Once the line containing "carte-Bievre-Isere-Communaute-2019.png" is reached in the listing below, reproduce it and all later lines through the final one exactly, but omit any pictures.

**Records for this exercise**:
::::

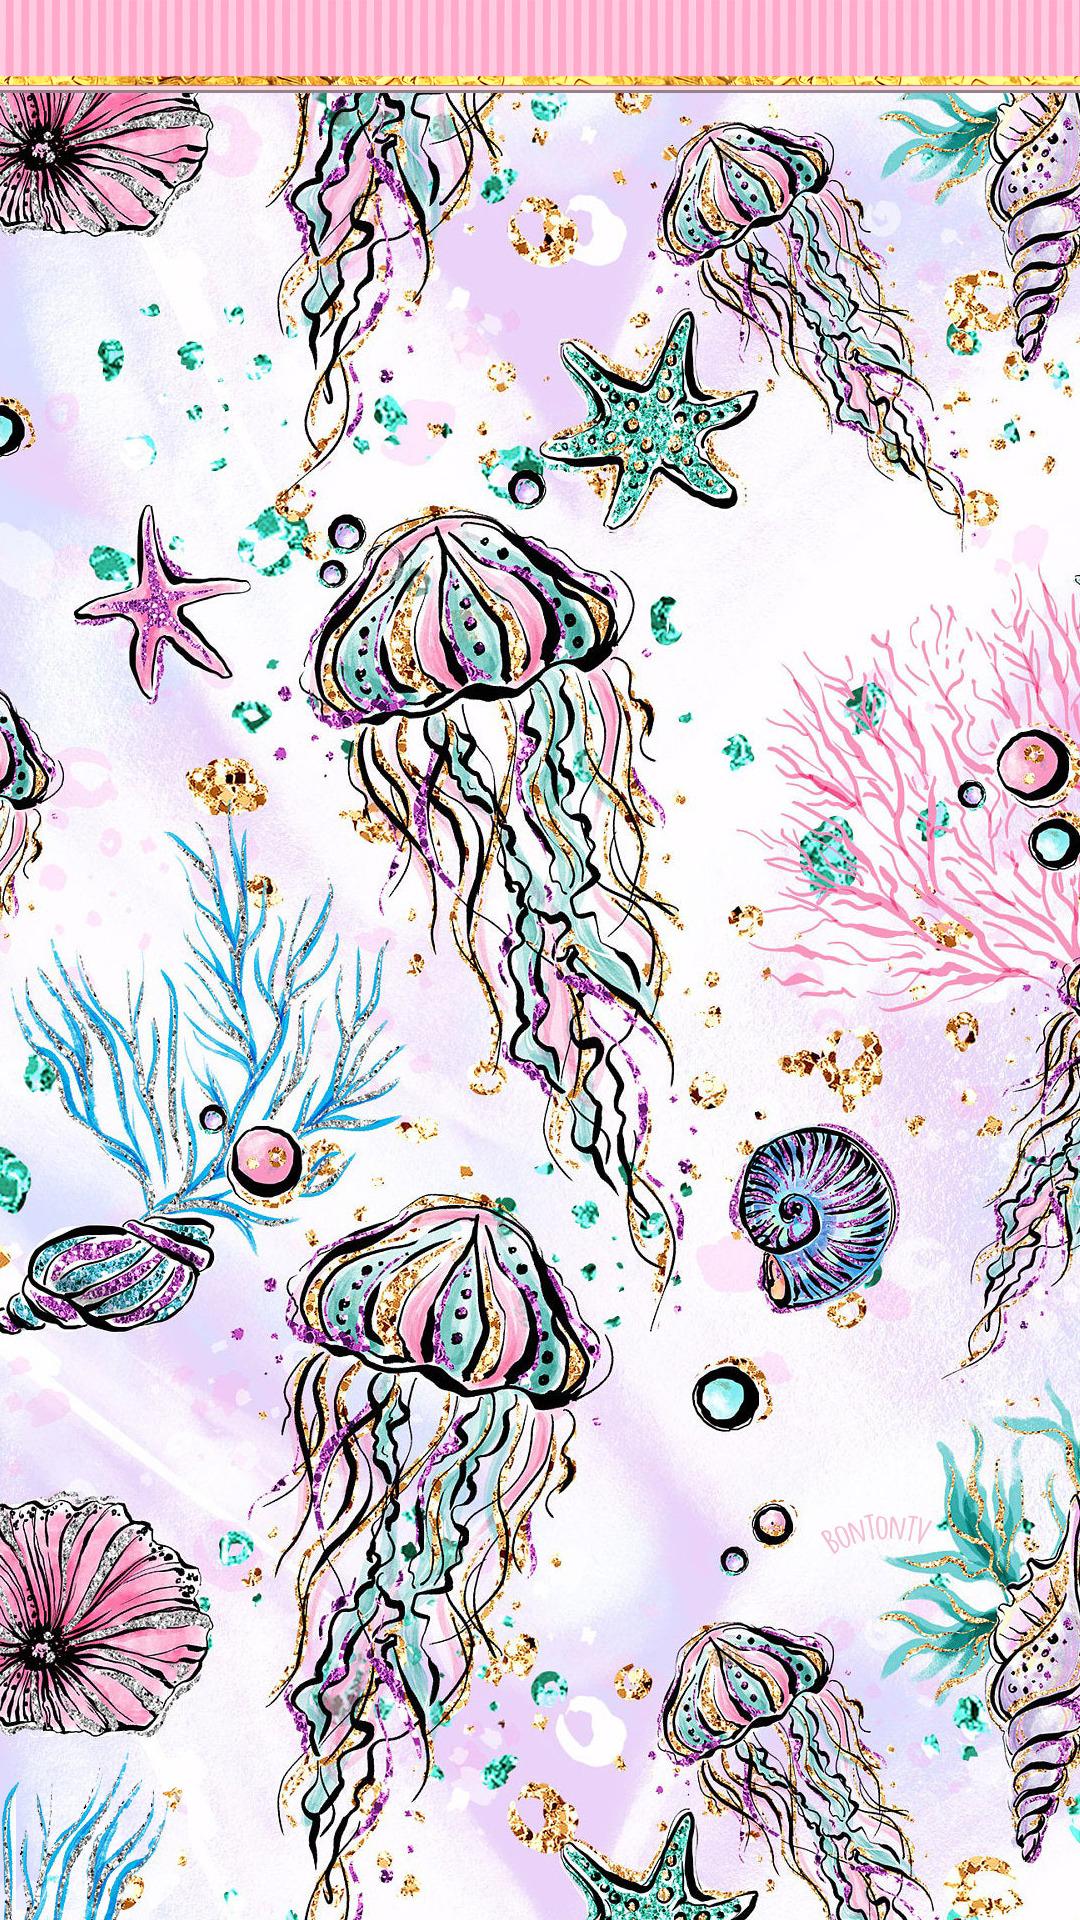 Phone Wallpapers Hd Cute Glitter Sea Life Background Stars Jellyfish Seashells By Bo Mermaid Wallpaper Iphone Love Wallpaper Backgrounds Mermaid Wallpapers
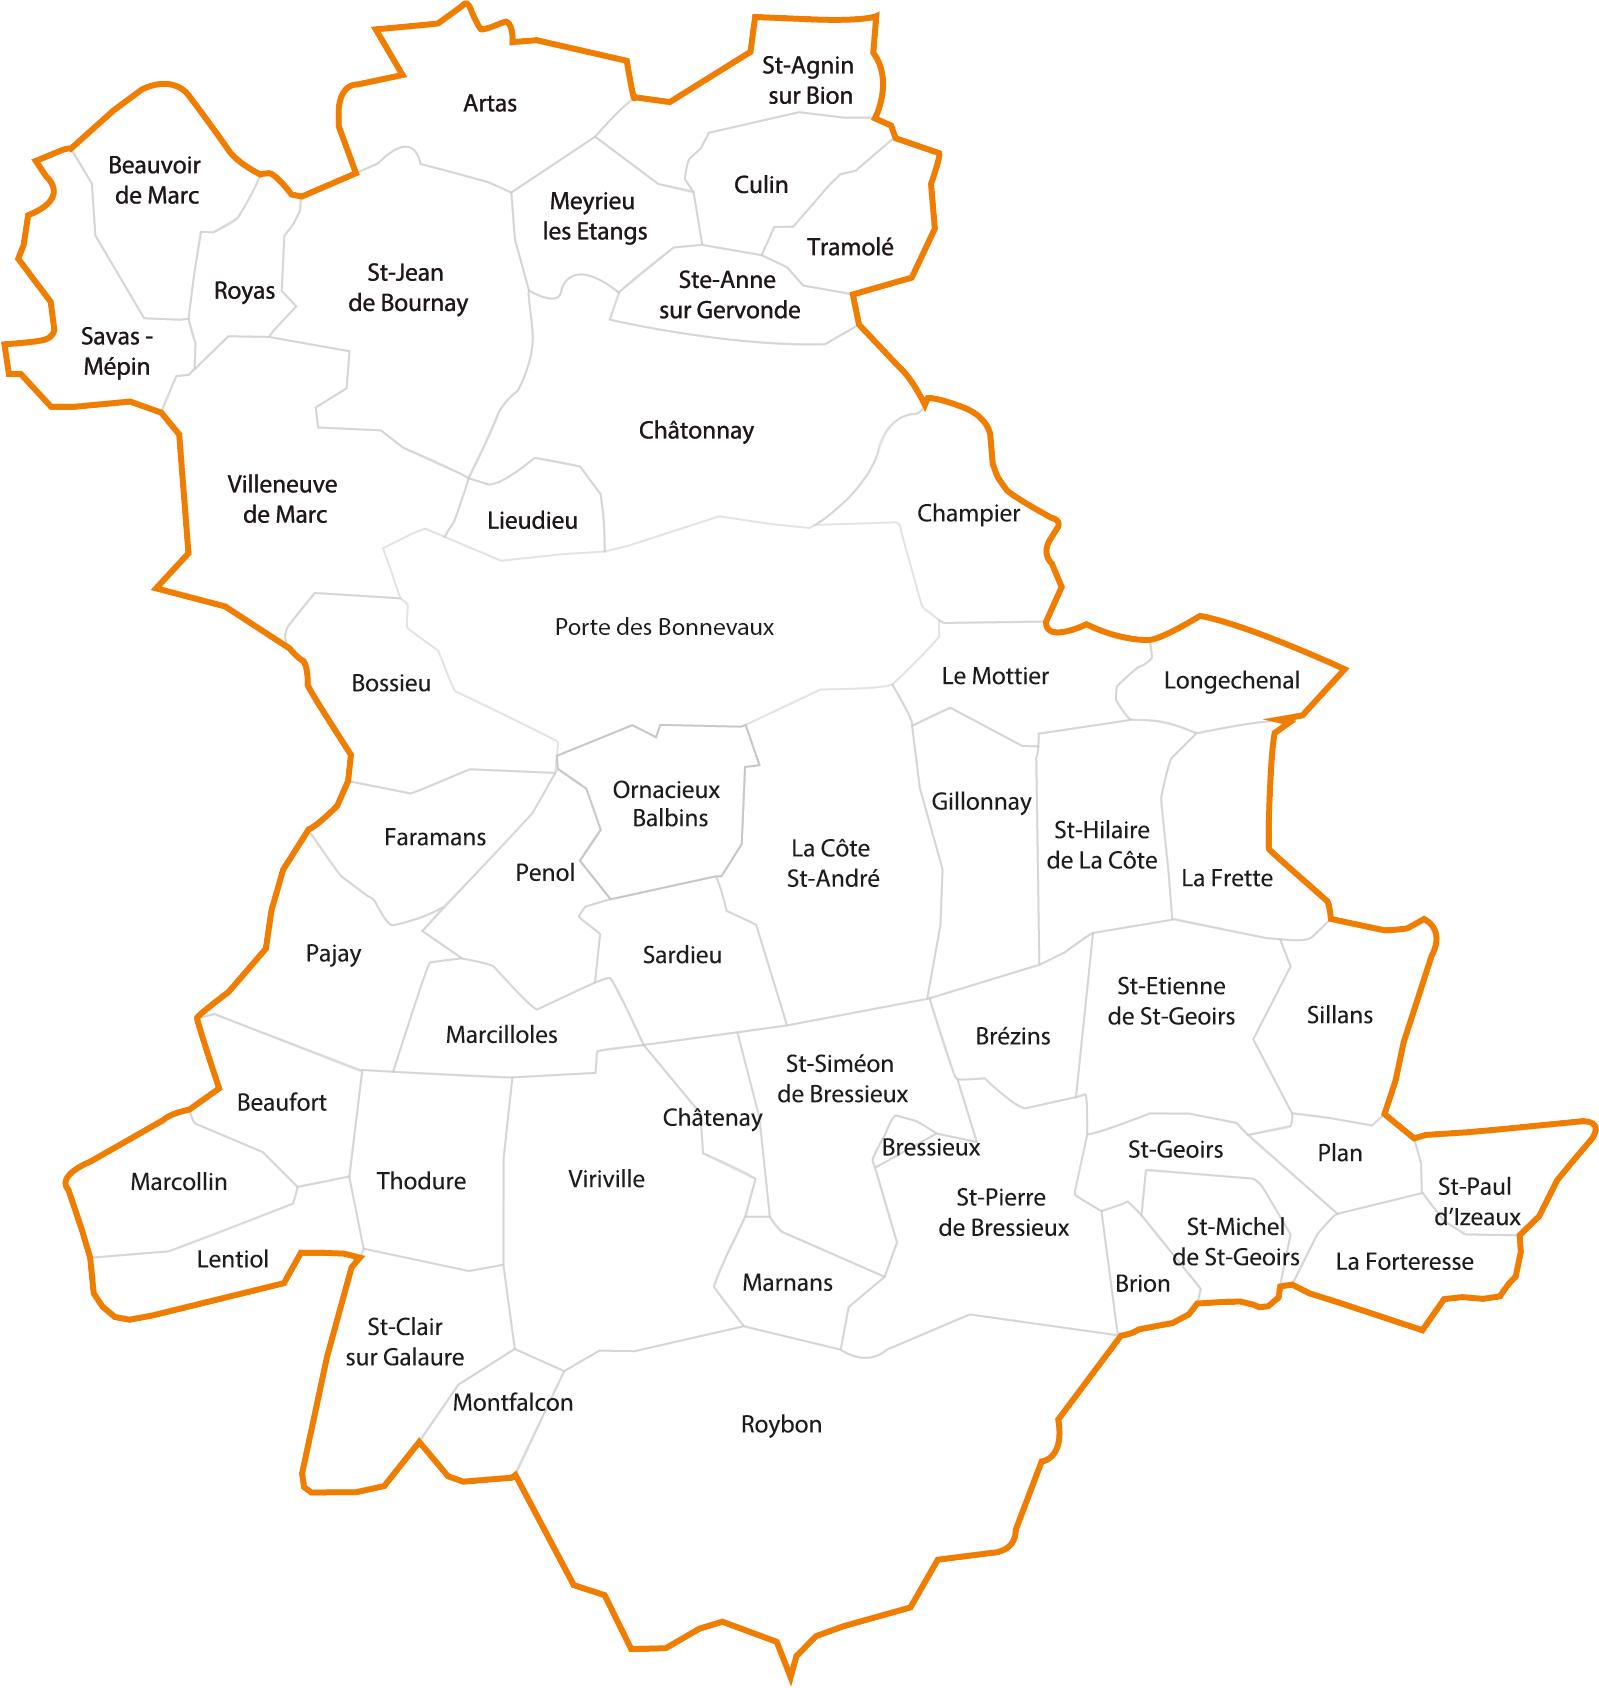 carte-Bievre-Isere-Communaute-2019.png
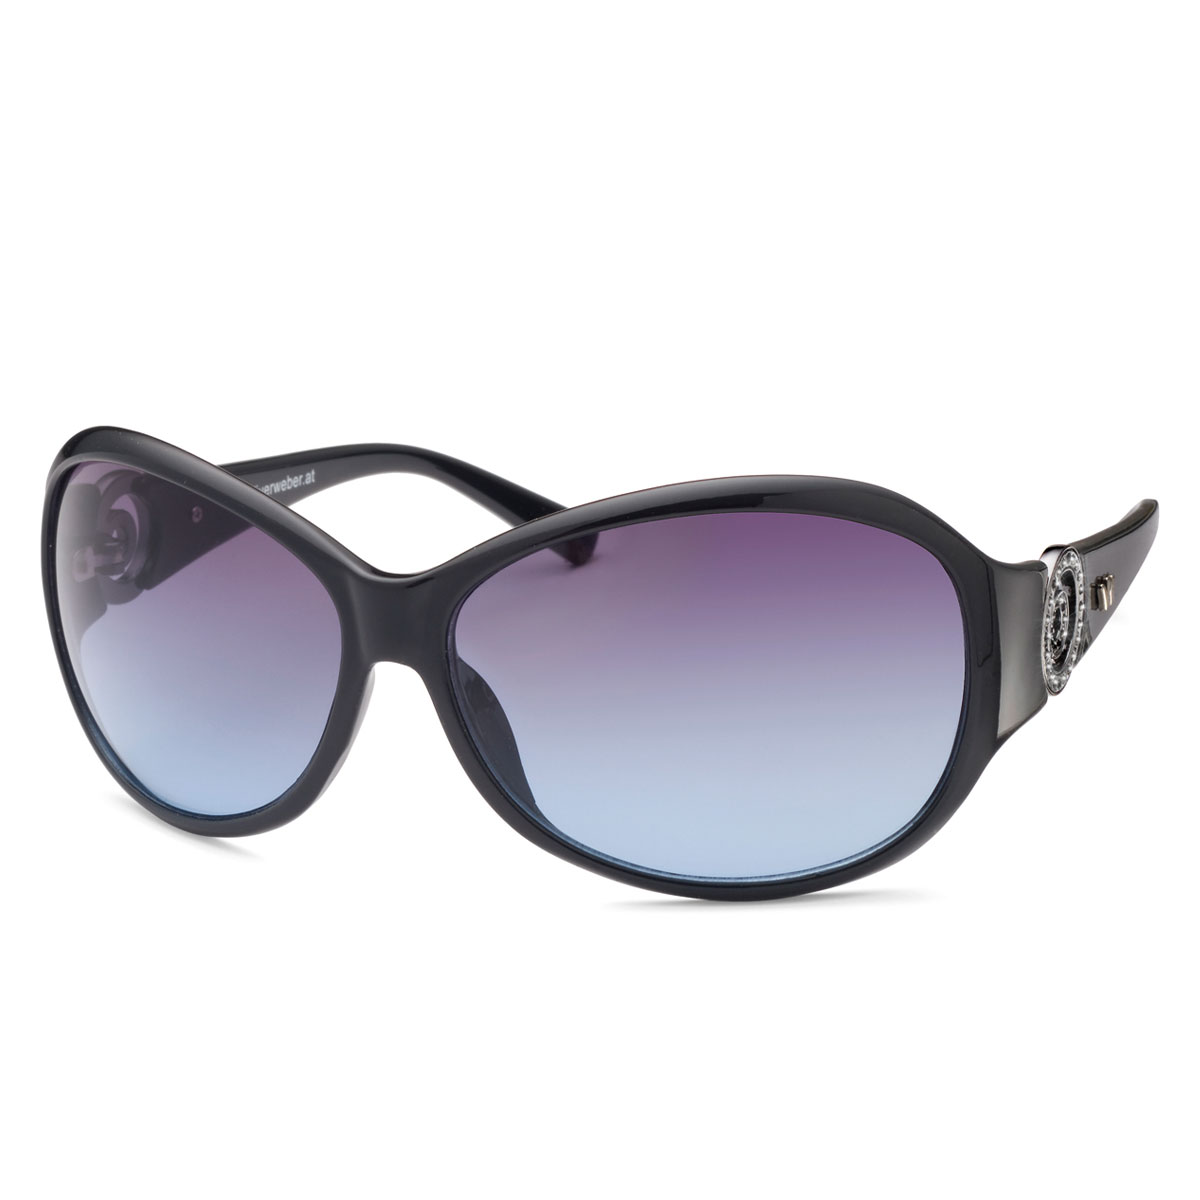 عینک آفتابی مدل کانزاس مشکی
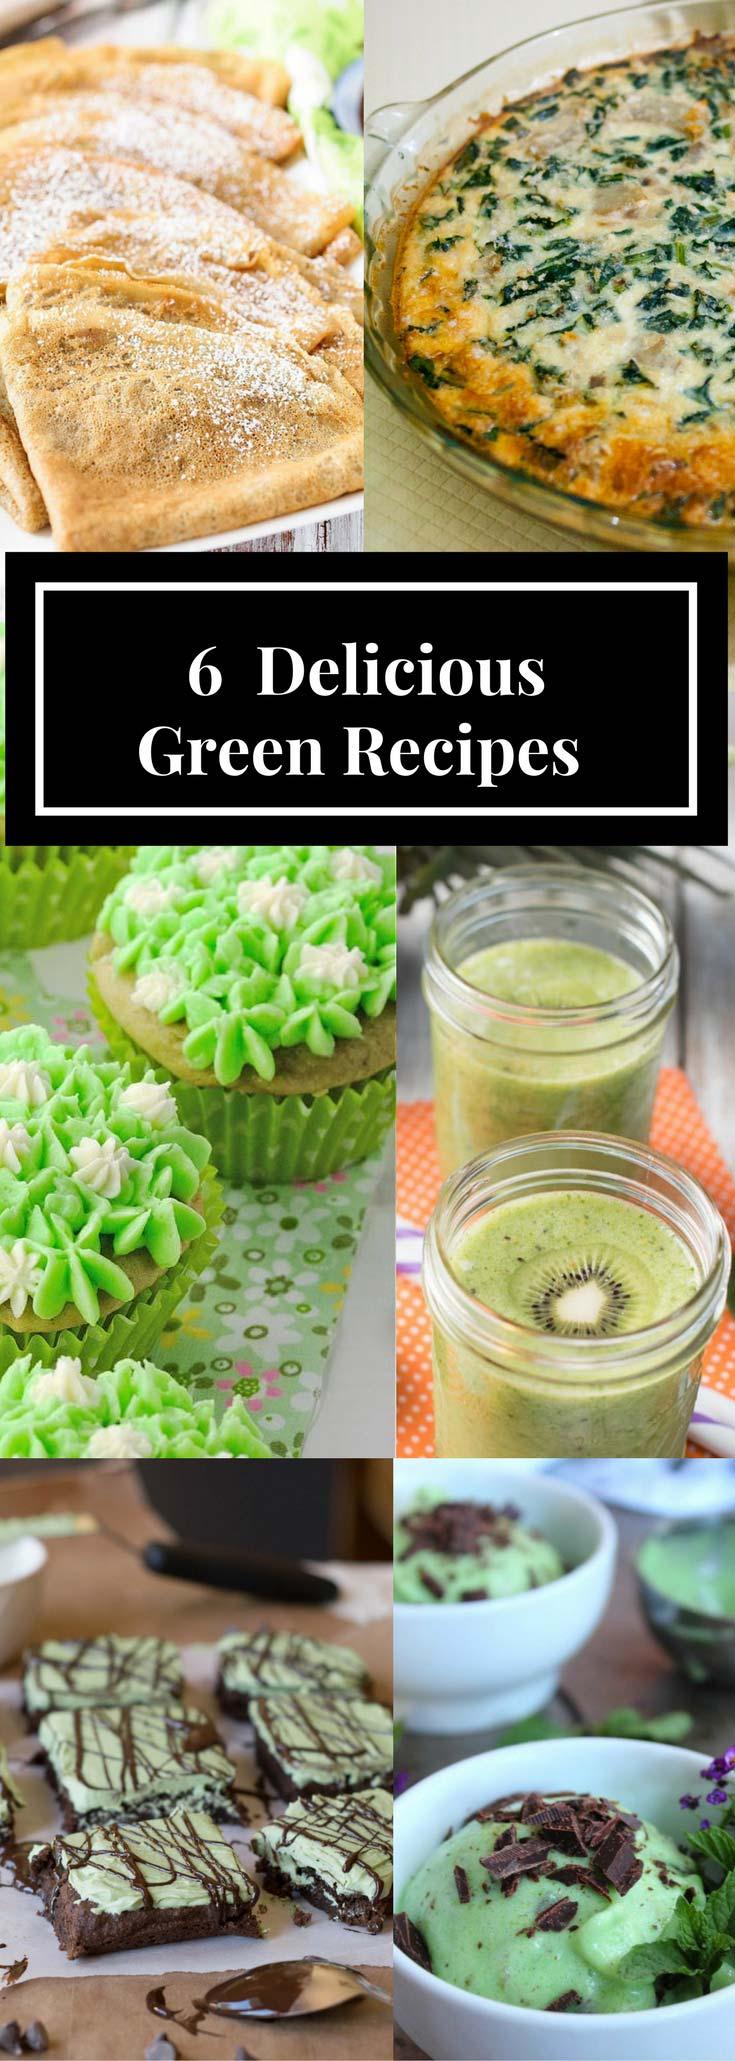 6 Delicious Green Recipes
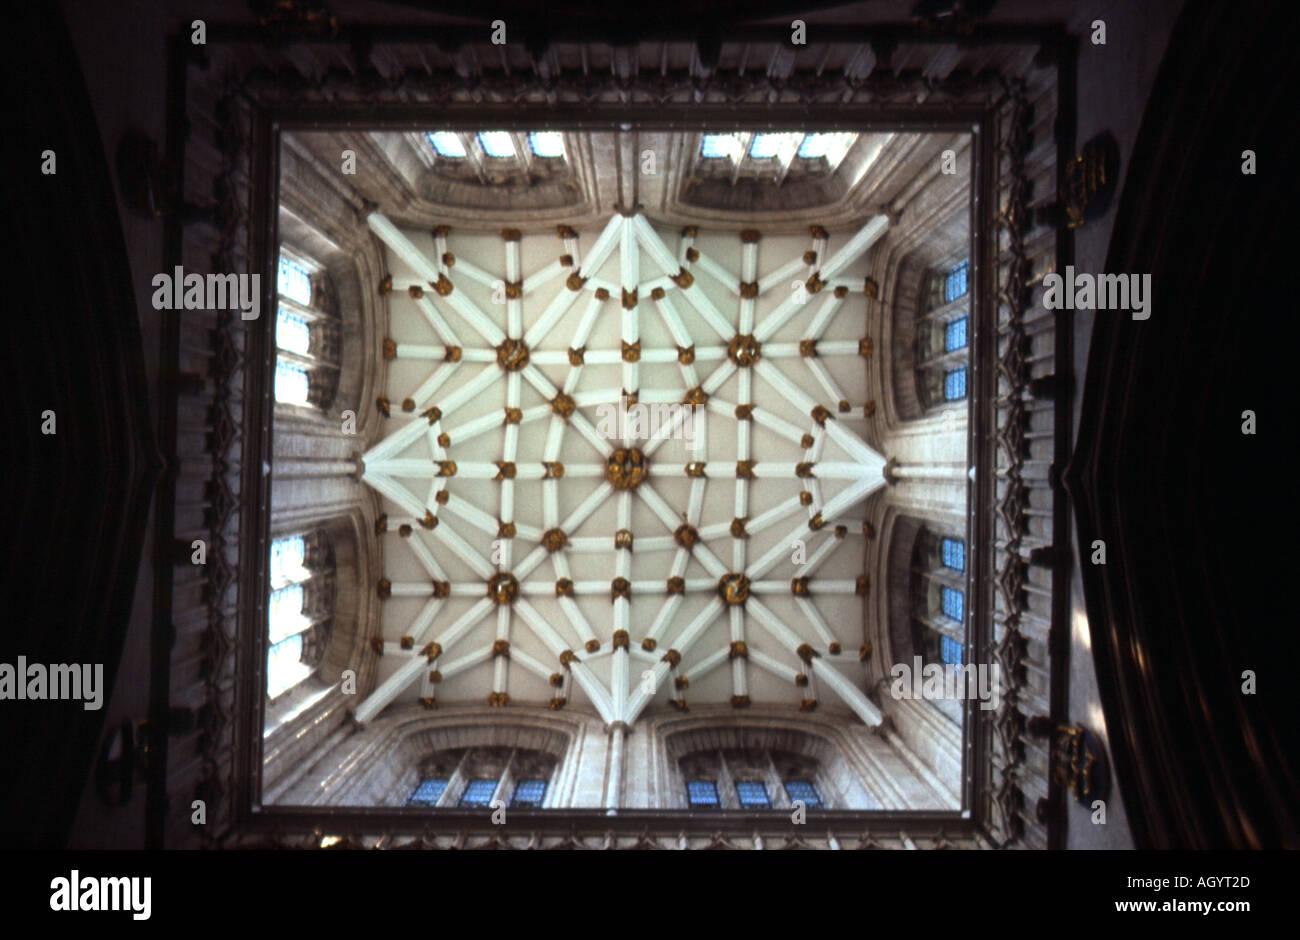 Ceiling of York Minster - Stock Image

::::

**Exercise result**:
 carte-Bievre-Isere-Communaute-2019.png
 عینک آفتابی مدل کانزاس مشکی
 6 Delicious Green Recipes
 Ceiling of York Minster - Stock Image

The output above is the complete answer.